Середина книги Ярослава Челеды посвящена жизни собственно Мысливечка, и тут сказалась та самая методика, о которой я говорю выше. Он берет основные положения некролога Пельцля, делает их как бы заглавными для себя и развивает каждое из них в целую главу. Так возникает более подробное, аргументированное документами, раздвинутое позднейшими открытиями воспроизведение той концепции жизни и судьбы Иозефа Мысливечка, какую дал в своем некрологе Пельцль.

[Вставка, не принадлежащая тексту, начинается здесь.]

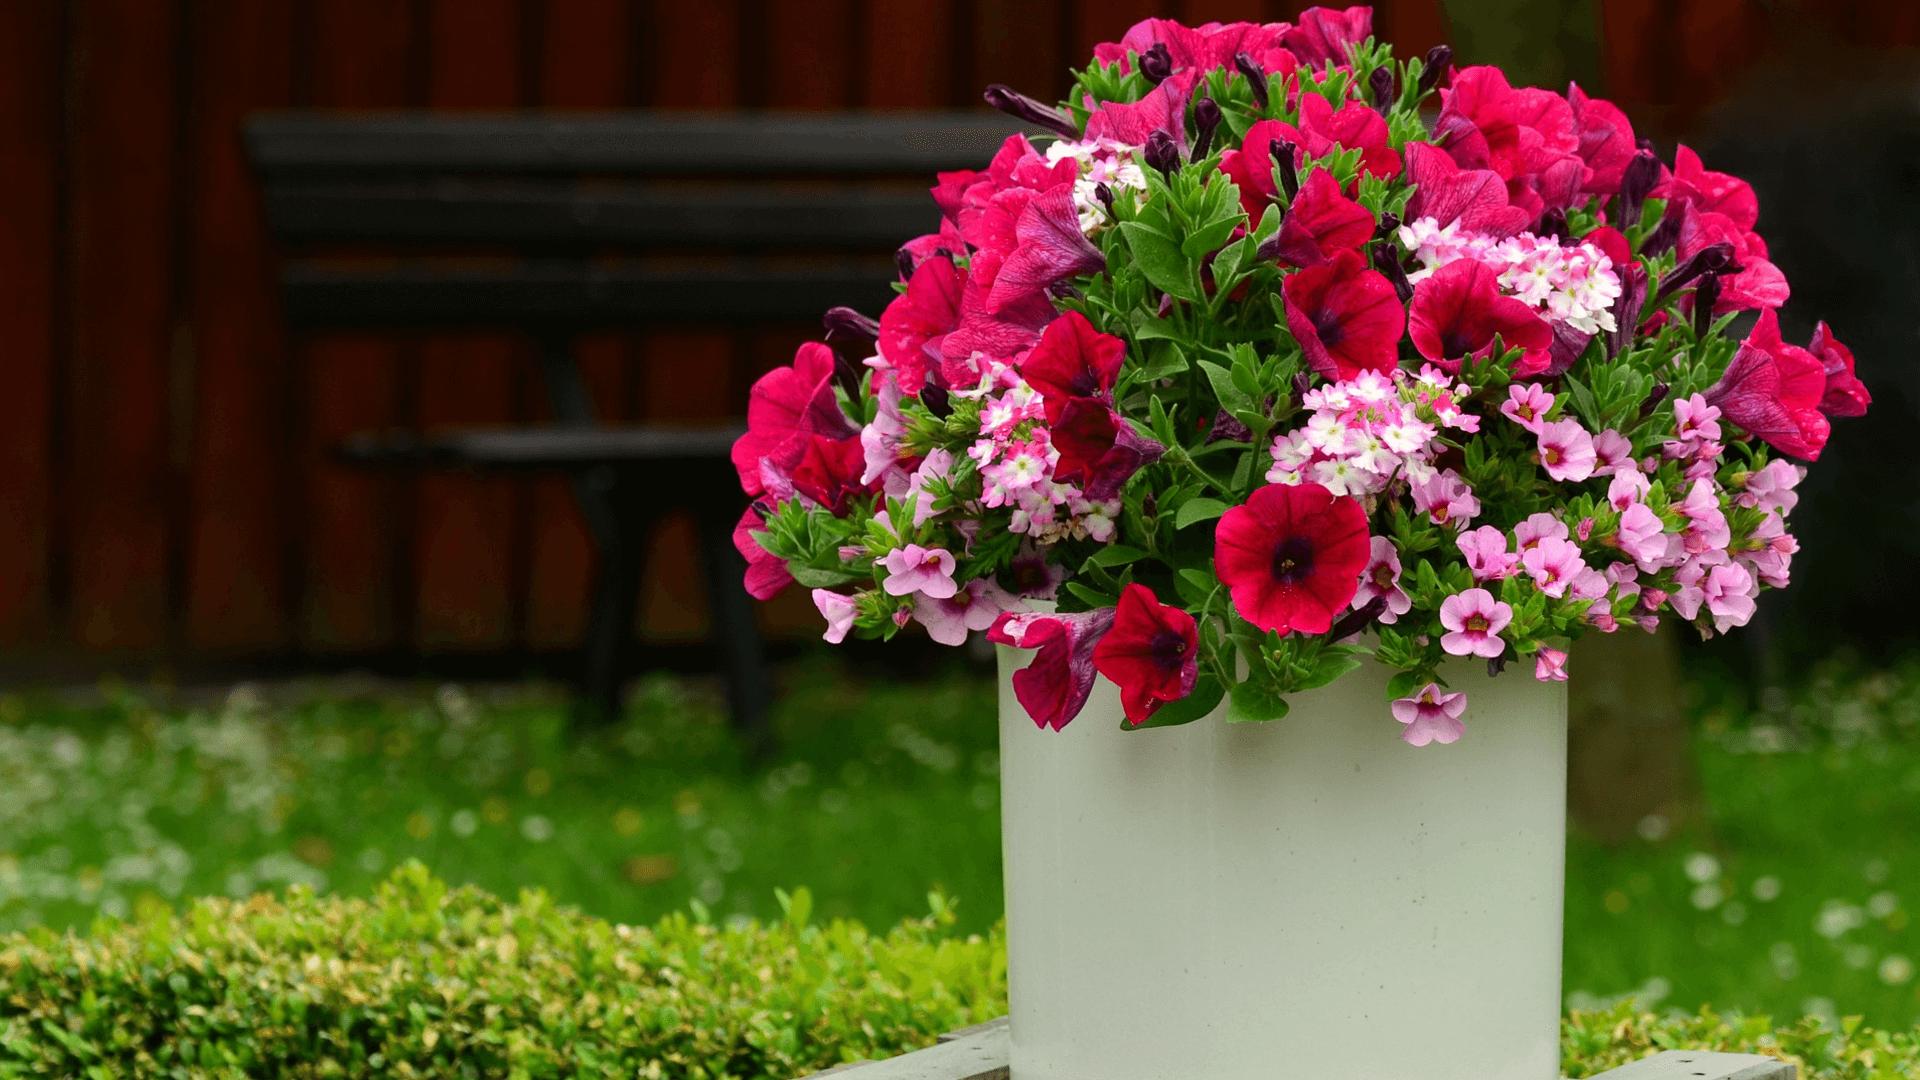 Terraplanter die Innovation für nachhaltige Blumentöpfe

Чтобы читатель вступил со мной в долгий путь поисков и догадок, вооруженный не меньше меня самой, я тоже считаю справедливым привести, как и Челеда, целиком этот исходный источник:

«Отец знаменитого музыканта, — пишет Пельцль — был Маттиас (Матэй) Мысливечек, старший присяжный мельник в королевстве Богемии, бывший одновременно и директором всех водных работ в этом королевстве. Его сын Иозеф, которого мы здесь описываем, родился в Праге в году 1737, марта 9-го, в одно и то же время со своим братом, Францем[10], на свет. Эти близнецы выросли вместе, ходили вместе в школу и вместе изучали философию у иезуитов; одновременно отец дал им музыкальное образование. Оба были одного роста, имели одинаковые волосы и черты лица. Так как они носили одинаковые платья, их едва можно было отличить друг от друга; сходство этих братьев было настолько велико, что даже сам отец подчас ошибался. Случалось не однажды, что он говорил Иозефу: «Иди приведи мне Иозефа», потому что принимал его за Франца, пока Иозеф не отвечал ему: «Я тут».

По окончании «философии» отец заставил своих сыновей изучить мельничное дело. Одновременно послал он их к городскому (сословному) профессору математики, Фердинанду Шорру, где они овладели гидравликой и другими частями математики. Тут Иозеф изготовил гидравлическую модель, как необходимый предмет на звание мастера, и был записан в книгу мастеров мельничного дела Праги. Но молодой мельник чувствовал в себе более благородное стремление. Он с большим умением играл на скрипке. Как раз в это время умер его отец, и Иозеф оставил мельницу своему на один час позднее появившемуся младшему брату, который и до сих пор владеет ею, и целиком отдался музыке. Чтобы научиться композиции, он сперва стал брать уроки контрапункта у Франца Хаберманна. Но так как ему казалось, что этот последний двигается с ним слишком медленно, — ибо гении охотно делают большие шаги, — обратился он к господину Иозефу Зеегеру, органисту Тейнской церкви, который уже образовал многих славных композиторов. У этого умелого мастера сделал он такие быстрые успехи, что уже спустя полгода был в состоянии сочинять симфонии. Он написал их шесть подряд под именами: Январь, Февраль и т. д., не проставив на них своего имени, потому что хотел посмотреть, найдет ли его работа признание у знатоков. Они были публично исполнены в театре с большим успехом, чем он надеялся.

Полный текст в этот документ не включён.